Our study identified 10 pairs of siblings with similar outcomes (Table 3). In six pairs, both siblings were treated with PT, and in one pair, neither sibling was treated. In a trio, the elder two received PT, but the youngest did not; and in two additional pairs, the elder received no treatment, but the younger did. A possible explanation could be a higher titer of antibody in the maternal serum during the second pregnancy.

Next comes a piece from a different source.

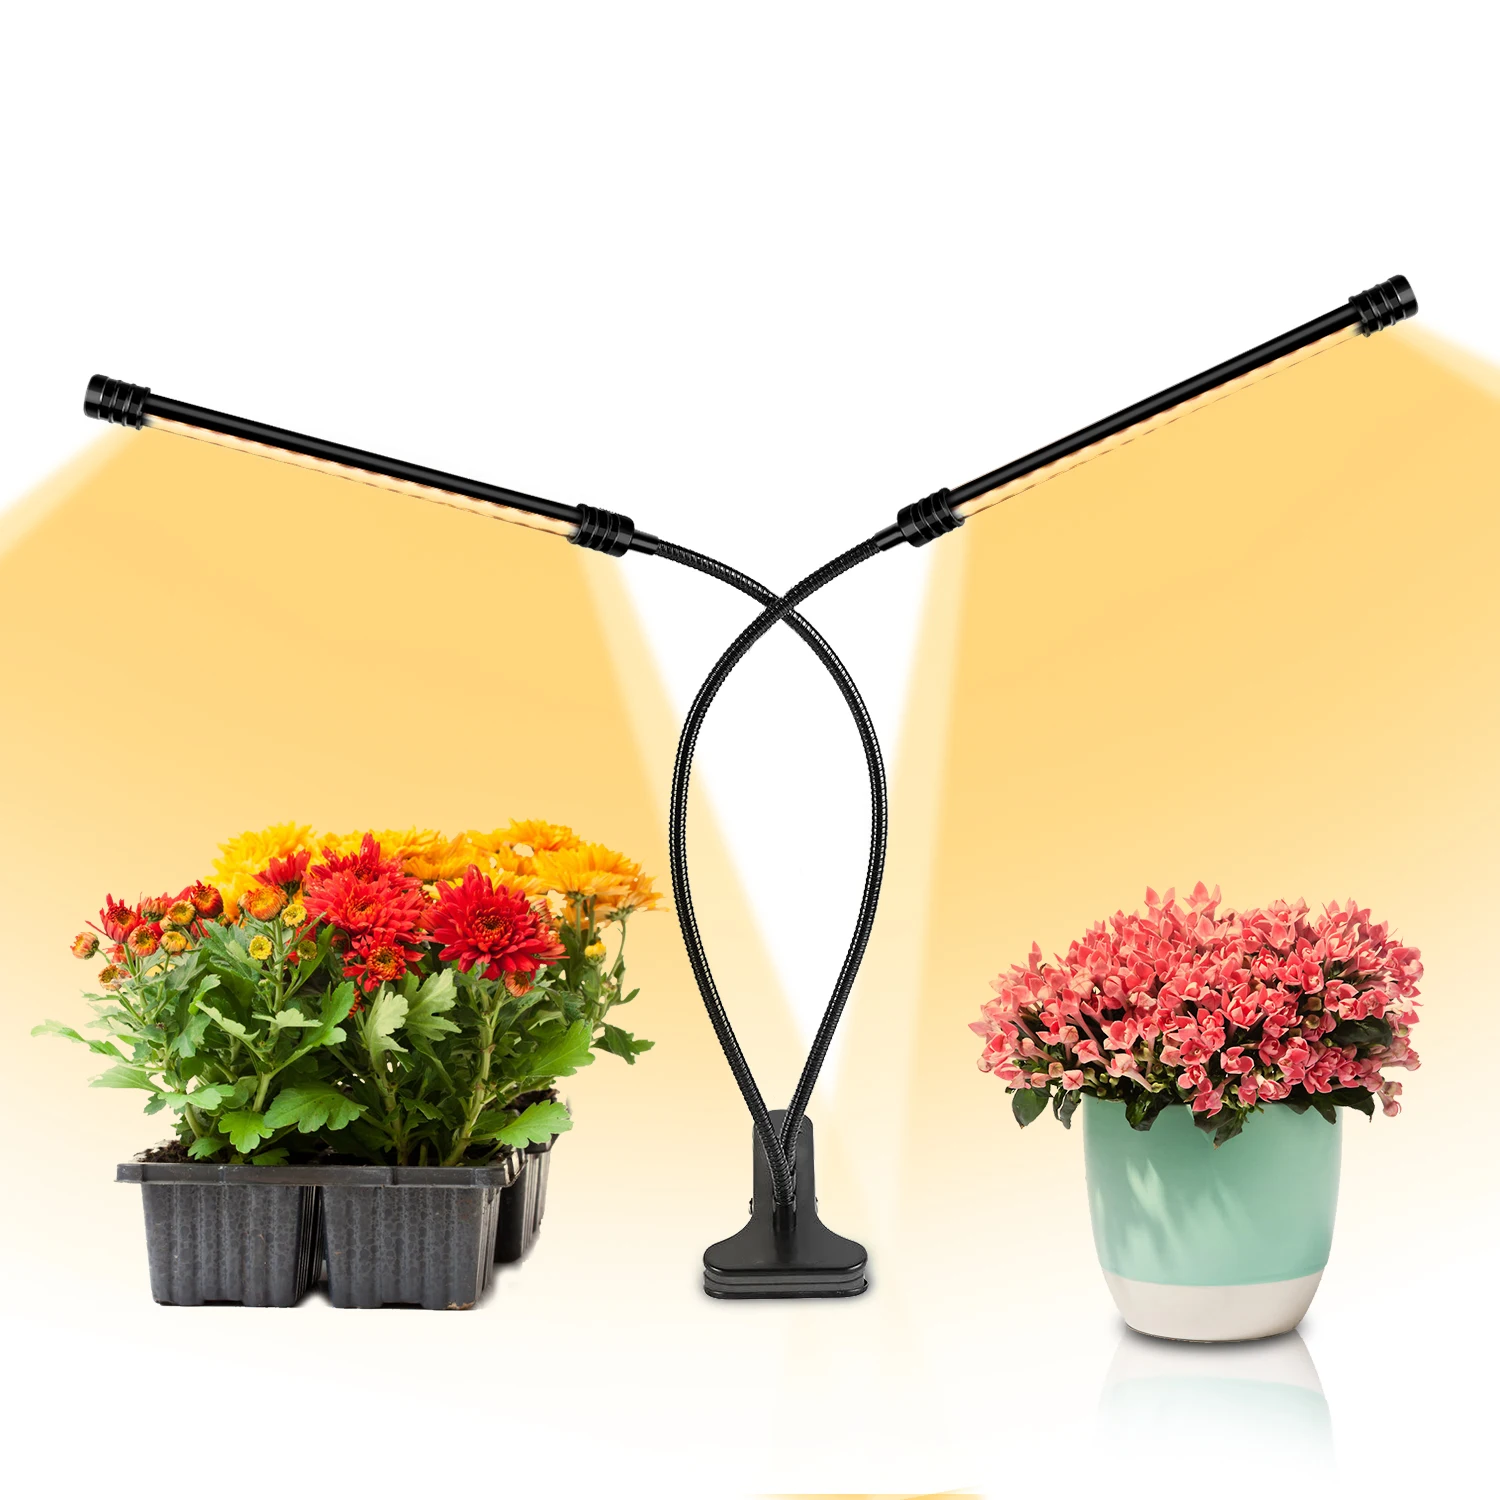 

LED Grow Light 15W 30W 45W 60W DC 5V Phyto Lamp Full Spectrum Phytolamp for Plants Indoor Flower Seeds Led Bulb IP65 Waterproof
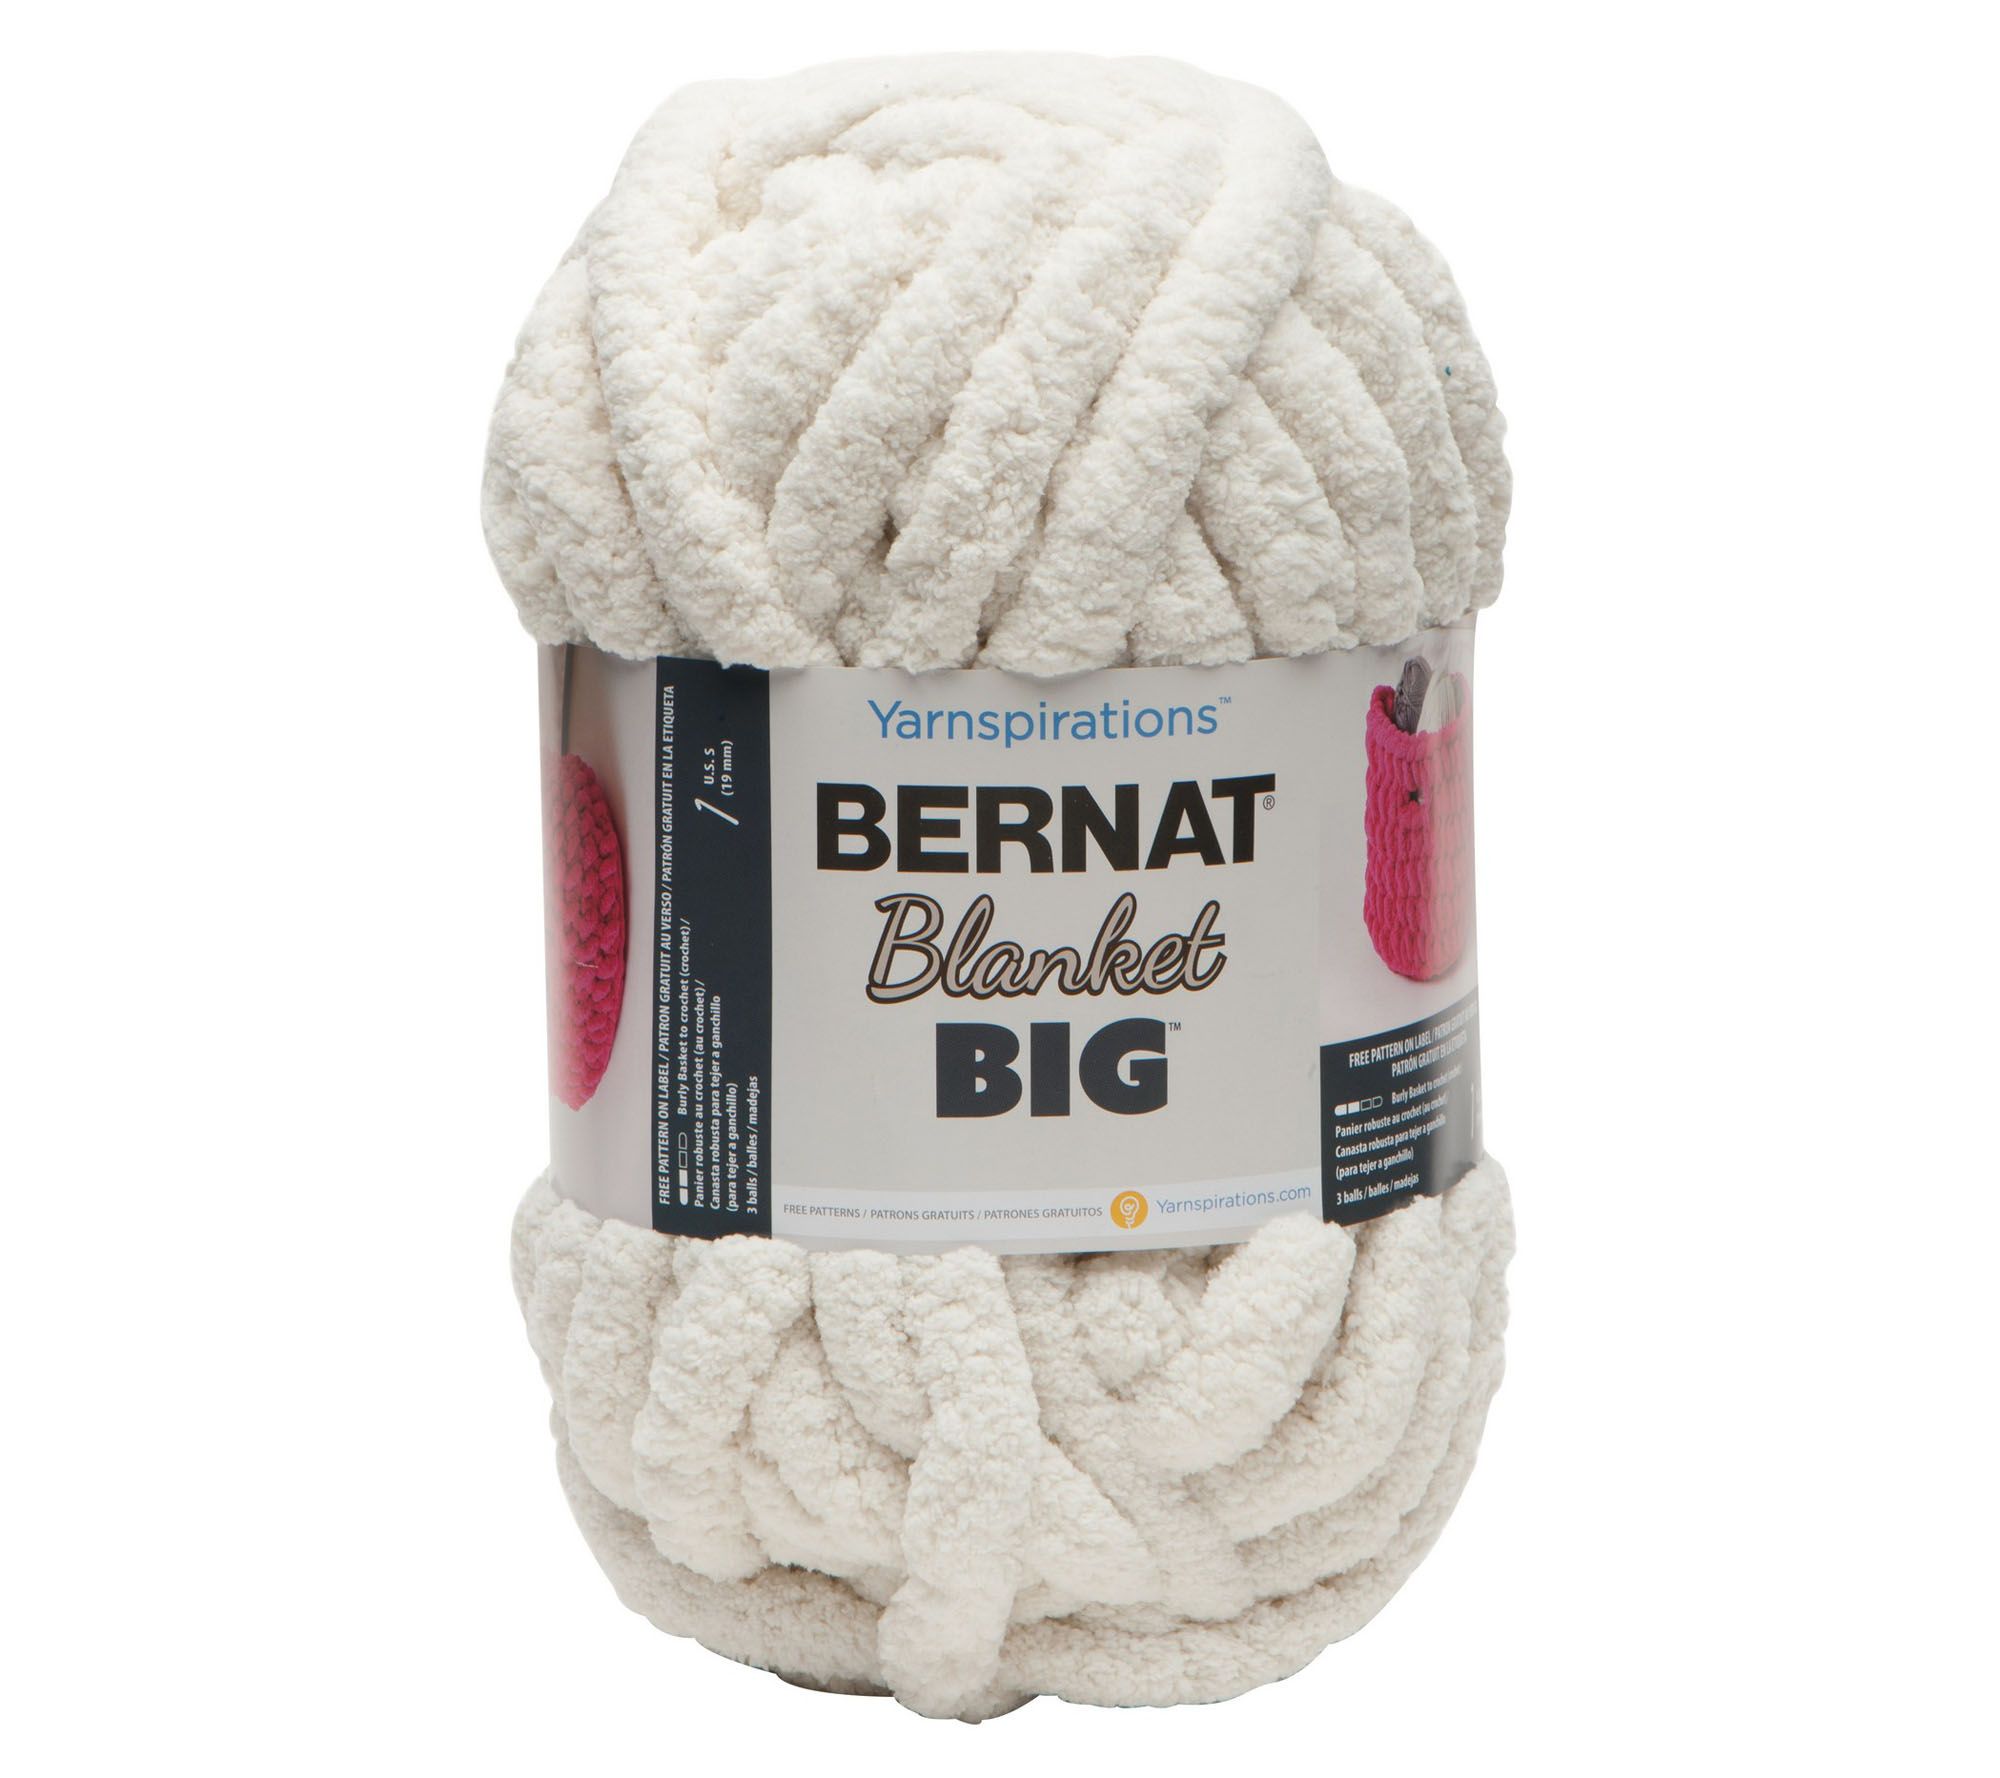 Bernat Blanket Extra Yarn-Vintage White, 1 count - Foods Co.

ABO antibody titer is not routinely determined for mothers during pregnancy or after birth, but it would certainly be important to see a correlation to the clinical presentation of ABO incompatibility.1
In our cohort, only 2 of 72 newborns (2.7%) who clinically manifested ABO HDFN received erythrocyte transfusion, which confirms the fact that only about 1.5–2 percent of cases of HDFN require transfusion therapy.22,23
ABO incompatibility is currently the most common cause of HDFN in the western world. In the future, however, changes in the ethnic structure of populations in Western and Central Europe could lead to even more cases.4 The incidence of HDFN due to ABO incompatibility is the same for first pregnancies as it is in subsequent pregnancies, so the condition is neither preventable nor predictable. Because ABO incompatibility rarely causes severe HDFN, routine antenatal tests to assess the potency of anti-A and anti-B are not indicated.4 In mothers who have a history of a previous infant affected by ABO HDFN, umbilical cord blood should be taken and tested as soon as possible after delivery.3
A limitation of this study is the small number of newborns with ABO incompatibility; future studies should be prospectively conducted on a larger sample. Another potential limitation of our study is the practice at our institution to not regularly perform an eluate in these cases, which would prove that the cause of DAT positivity was related to ABO incompatibility.
Although DAT as a test is not predictive of disease severity, it can be a useful tool to monitor newborns from ABO-incompatible mothers.15 It would be useful to perform ABO typing and a DAT on all newborns to determine the exact incidence of ABO incompatibility and assume the possible need for therapy, but according to current guidelines this testing is not recommended.24 Our recommendation is to determine the ABO blood group and DAT on umbilical cord blood samples from newborns whose mothers have unknown ABO group and IAT or a positive IAT. An umbilical cord blood sample after birth does not harm the child in any way and does not put the child at risk of anemia.